Но сегодня вода шумела не так.

Сегодня она звала.

Старуха стояла на пороге Лукерьиной избы, прижавшись плечом к косяку, и смотрела, как за озером, низко над камышом, разгорается красное. Не заря — до зари ещё полночи. И не пожар — пожар стелется дымом, а тут дыма не было, только ровный, недобрый свет, будто кто-то развёл костёр на самой воде и грел над ним ладони.

— Велесова ночь, — сказала Несвета тихо, для себя. — Самая темь. Угораздило тебя, девка.

В избе за её спиной кричала Лукерья.

Кричала уже третий час, и крик этот из бабьего, надсадного давно сделался другим — низким, звериным, таким, что у мужиков во дворе примолкали разговоры и каждый невольно косился на дверь. Роды шли тяжело. Дитя не хотело в этот мир — упиралось, цеплялось, тянуло мать за собой обратно, во тьму, откуда пришло. Несвета принимала на своём веку больше сотни младенцев и хоронила едва ли не столько же, и нутром, тем самым нутром ведуньи, что не обманывало её ни разу, знала: это будет из тех родов, которые потом поминают шёпотом.

Она вернулась в избу.

Жарко, душно, смрадно от крови и пота, в углу под образами — тусклый огонёк лучины, и в этом дрожащем свете лицо роженицы белое, как снятое молоко, с тёмными провалами глазниц. Бабы-помощницы жались по стенам. Старшая, Аксинья, держала Лукерье голову и плакала, не утирая слёз.

— Несветушка, — выдохнула она, — отходит. Не сдюжит.

— Сдюжит, — отрезала старуха.

Она засучила рукава, размотала с шеи ремешок, на котором висел камень — белый, в серых прожилках, гладкий, как речная галька, только тёплый всегда, в любой мороз тёплый. Алатырь. Несвета носила его сорок лет, с того дня, как её собственная бабка, умирая, вложила камень ей в ладонь и сомкнула пальцы. Держи. Покуда держишь — держится мир. Тогда Несвета не поняла. Теперь — боялась, что начинает понимать.

Она сунула камень Лукерье в кулак.

— Держи. Зубами держи, не выпускай. Слышишь меня? Что бы ни услышала — за него держись, не за голос.

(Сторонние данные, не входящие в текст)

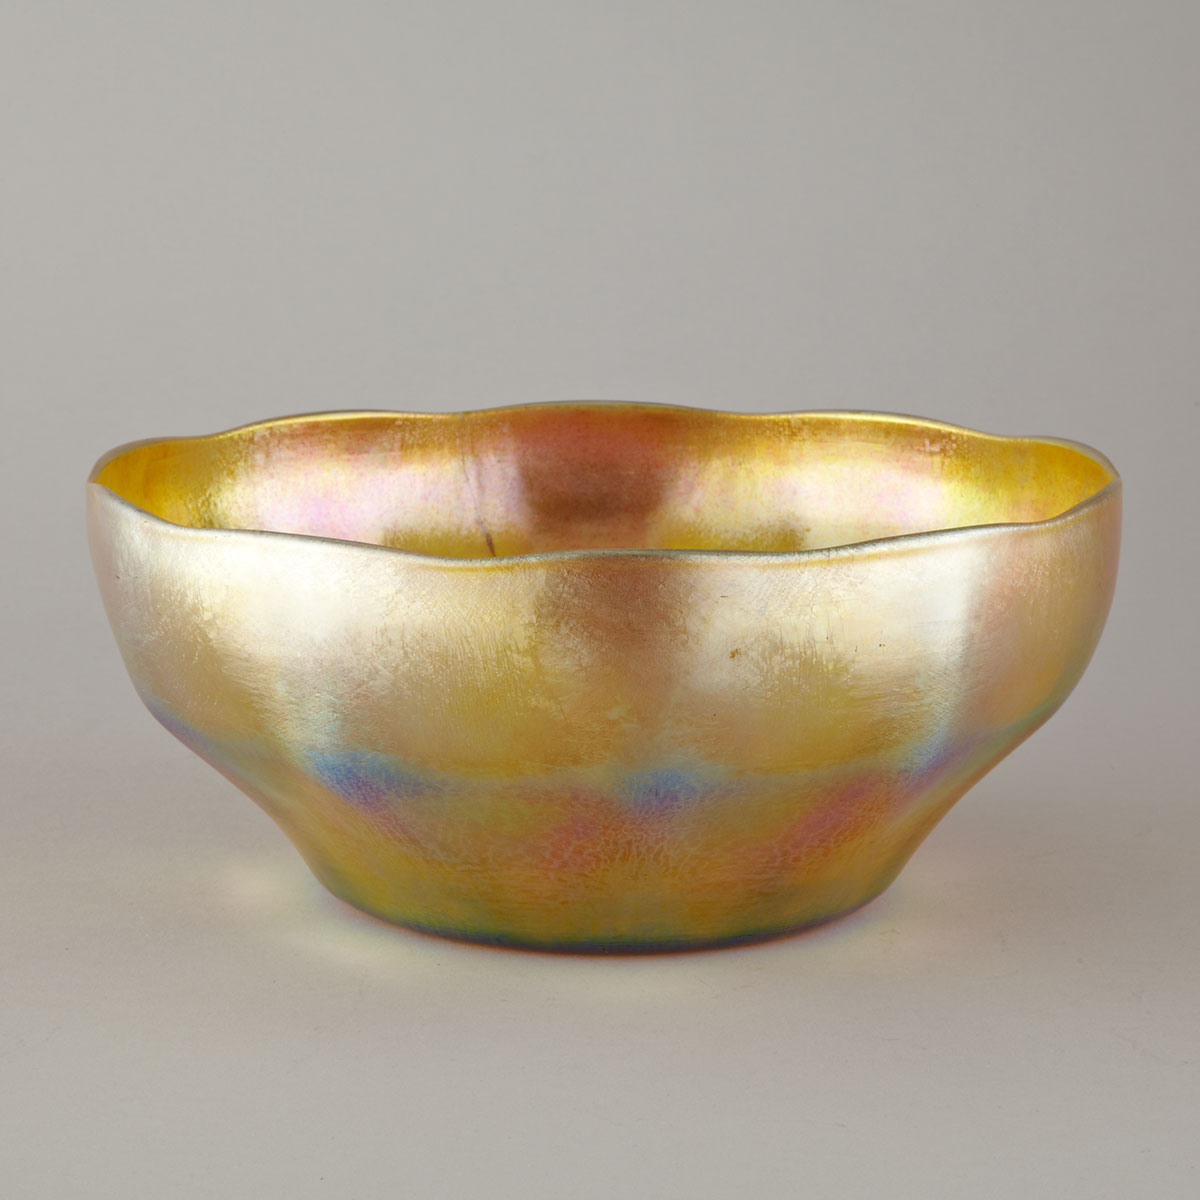 Tiffany ‘Favrile’ Iridescent Glass Bowl, early 20th century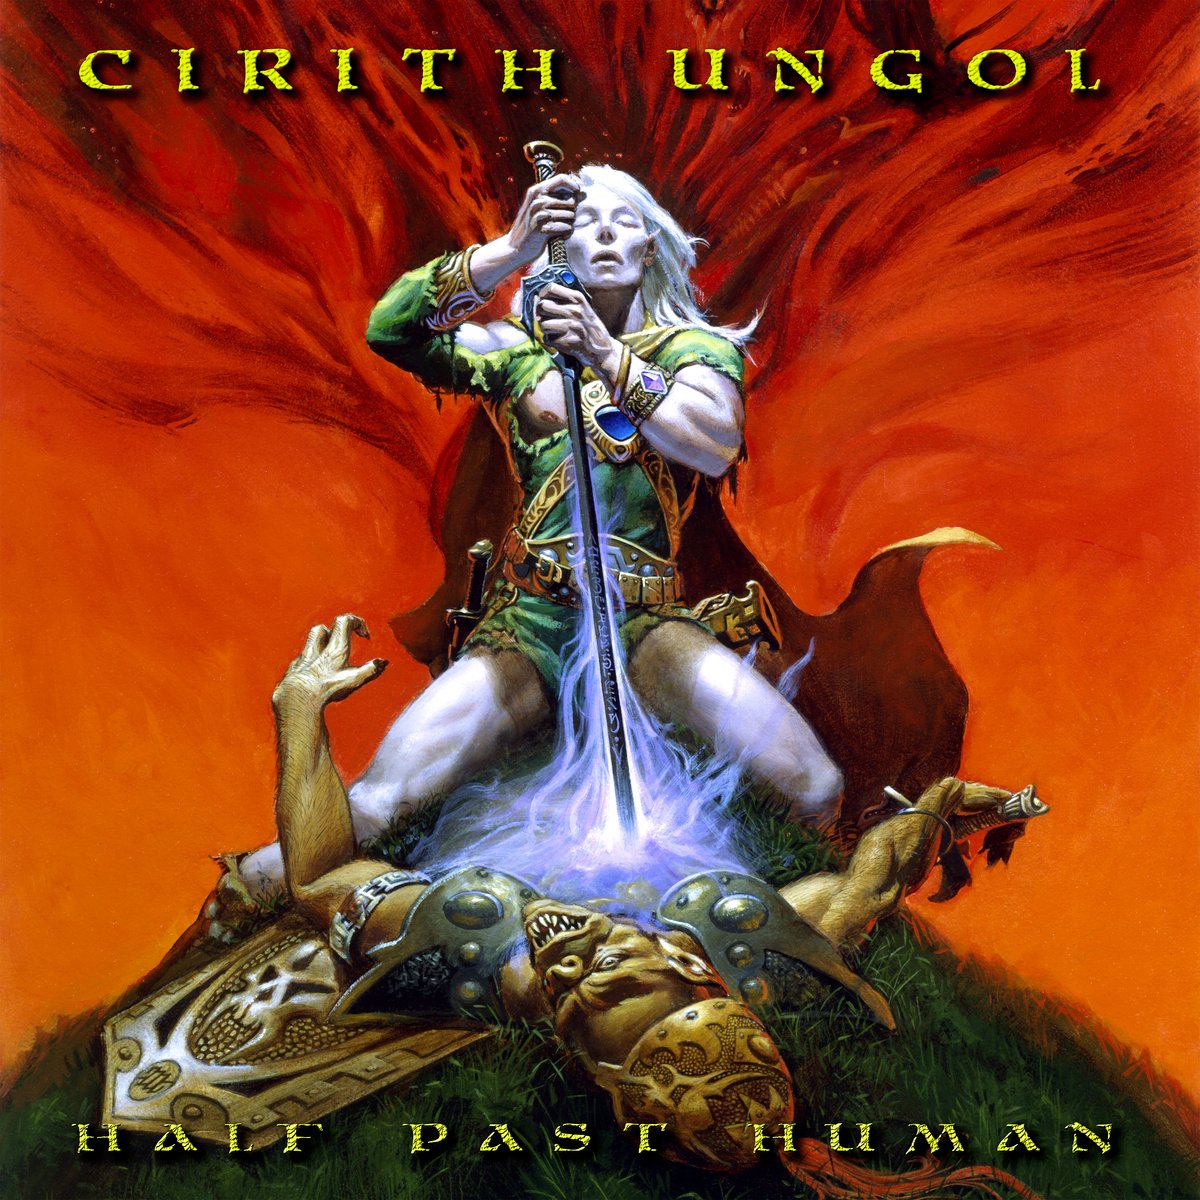 E2 BfWHUcAEYTRB Cirith Ungol Online Most comprehensive and awesome resource for Cirith Ungol RT @MetalBlade: "...there’s some serious sword swinging power metal happening here..." - @outburnmag @CirithU • #HalfPastHuman
...

— Какой… голос… — прохрипела роженица.

Несвета не ответила.

Потому что голос уже был.

Он шёл от озера — сквозь стены, сквозь крик, сквозь треск лучины, — и был так тих, что его нельзя было услышать ухом, а слышалось чем-то другим, под рёбрами, в самой кости. Голос не говорил слов. Он звал — без имени, без зова, просто тянул, как тянет омут, как тянет высота, когда стоишь на краю и что-то внутри шепчет: шагни.

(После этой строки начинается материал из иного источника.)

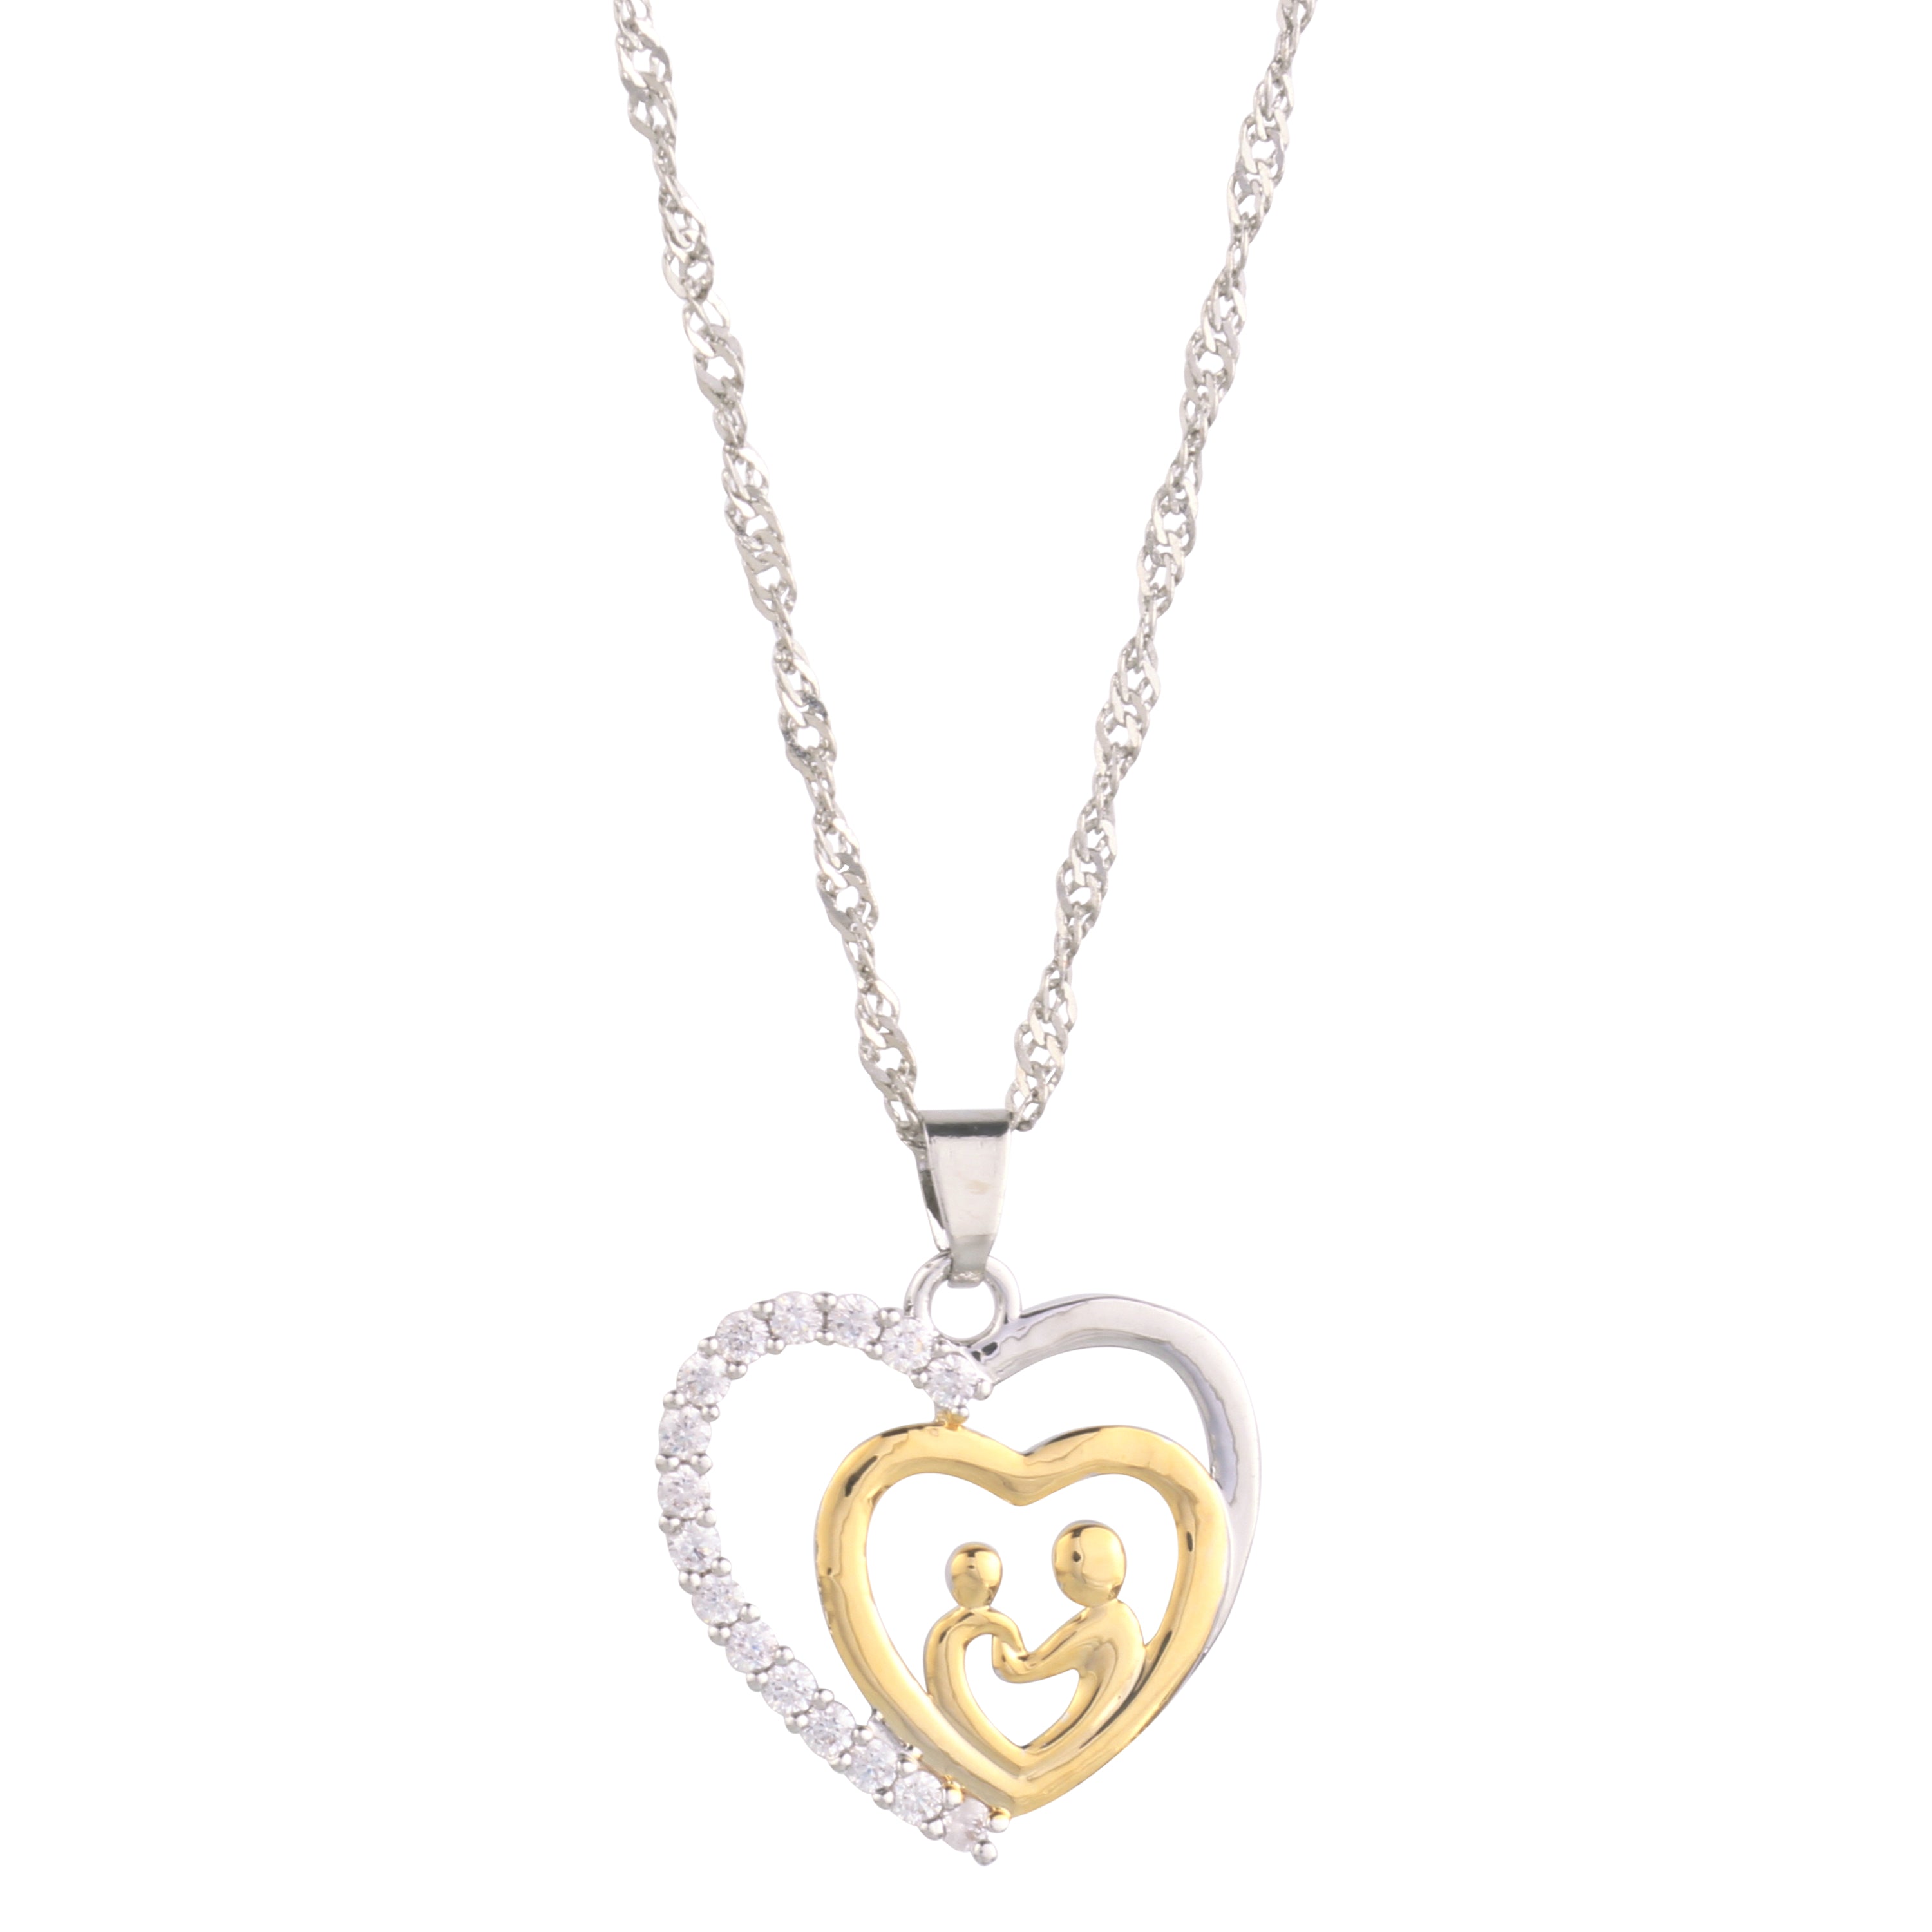 Mother and Child Pave Heart Pendant Necklace Nichestar

Бабы у стен ничего не слышали. Несвета видела это по их лицам — пустым, перепуганным, но обыкновенно перепуганным, человечьи. Они боялись смерти. А Несвета боялась того, что было хуже смерти и стояло сейчас совсем близко, по ту сторону тонкой, как ледок, воды.

— Тужься, — сказала она. — Ну!

Лукерья выгнулась. Закричала так, что лучина мотнулась и едва не погасла. И в этот самый миг — Несвета после клялась бы в том на любом образе — там, за озером, красный огонь на воде вспыхнул ярче, поднялся столбом и опал, разом, как задутая свеча.

И стало темно.

И в темноте — закричал ребёнок.

Несвета приняла его в руки, скользкого, горячего, живого, и первое, что сделала, — глянула не на то, на что глядят повитухи. Не пол, не пальчики, не пуповину. Она глянула мальчику в глаза.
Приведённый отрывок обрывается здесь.